Inc.

FLYING OBJECTS

Peter Platzer’s company, Spire, is launching hundreds of small satellites into orbit. Then the vision gets really ambitious
MIGHTY MITE A Spire Lemur-2 satellite, shown at approximately half its actual size. It costs less than $1 million to build and launch.

ROCKETS, YOU SEE, are not Platzer’s business. Satellites are. Very small satellites, about the size and shape of a whiskey-bottle box. Each costs less than $1 million to build and deploy, versus half a billion dollars for the latest government-grade spy satellites. They’re assembled largely with off-the-shelf components, the same as what’s in your smartphone, and, like your phone, Spire’s satellites don’t last forever—two years, maybe three, before they tumble out of orbit and vaporize during reentry. That’s not a liability; it’s an asset.
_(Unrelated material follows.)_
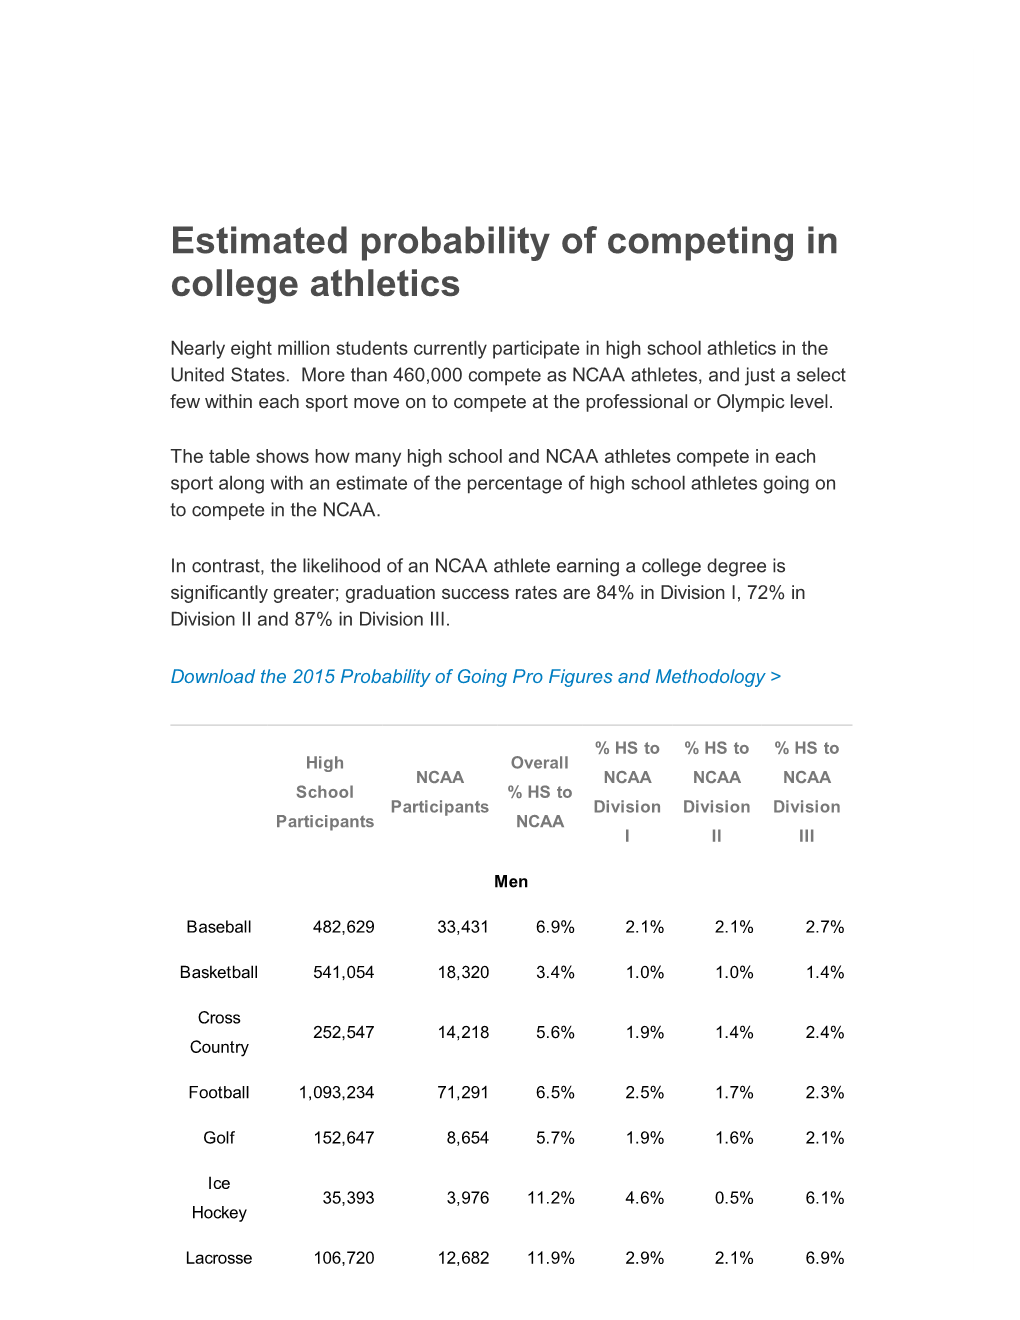 Estimated Probability of Competing in College Athletics | NCAA.Org ­ the Official Site of the NCAA
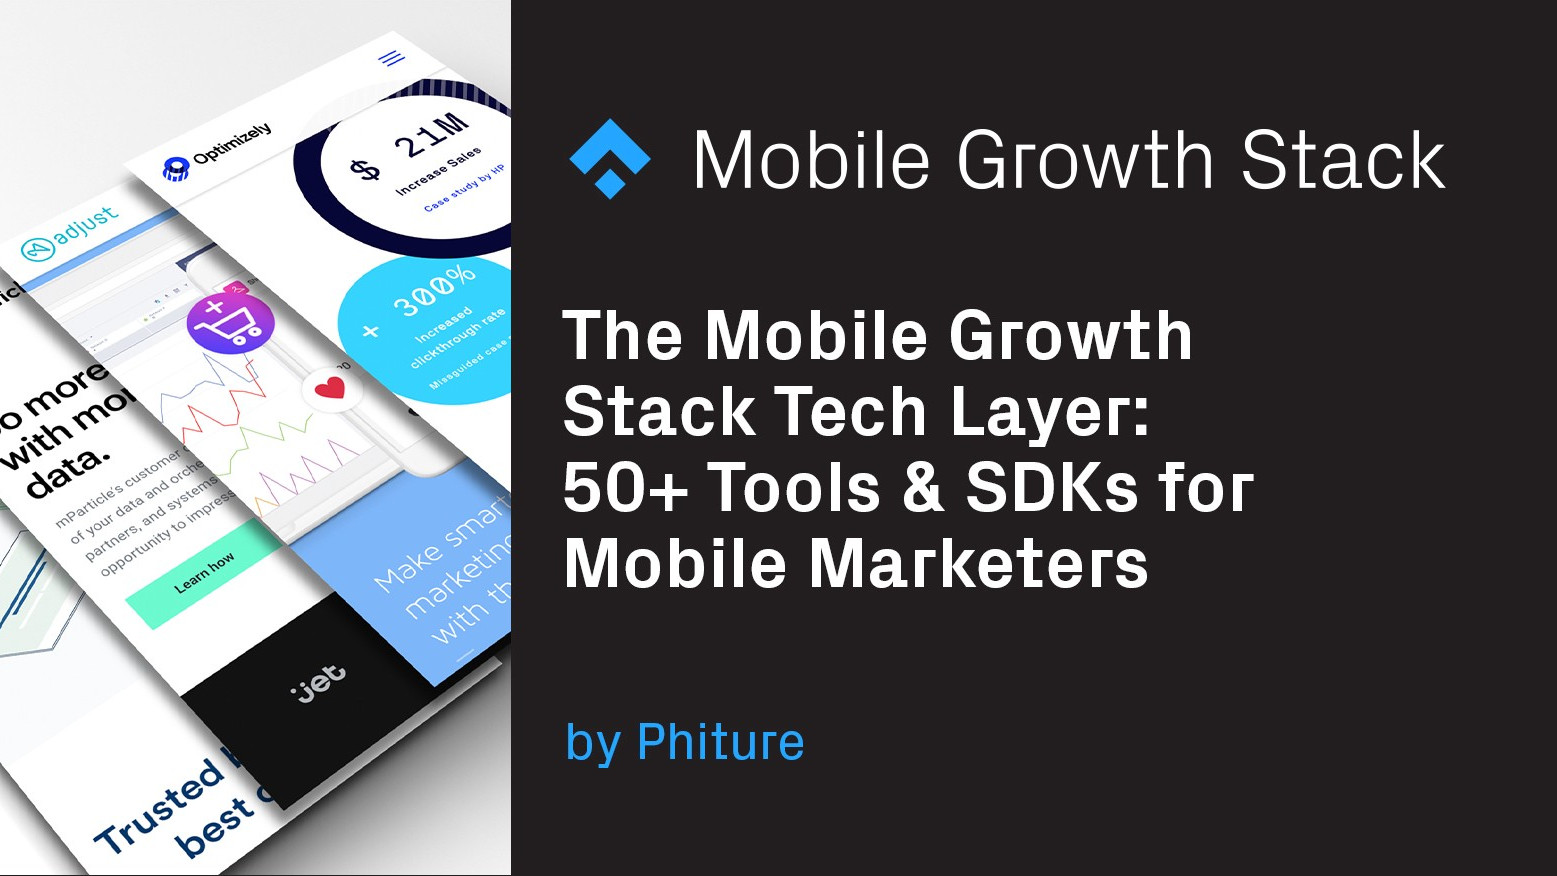 The Mobile Growth Stack Tech Layer: 50+ Tools & SDKs for Mobile Marketers

Regular turnover ensures that the technology is always fresh. (Who wants a four-year-old phone?) They have on-board cameras, though not amazing ones; they can’t spot your backpack from outer space. But that’s OK. They’re not up there to watch. They’re there to listen: to radio signals from objects equipped with transmitters, and to light waves that can measure temperature and humidity in the atmosphere with astonishing accuracy.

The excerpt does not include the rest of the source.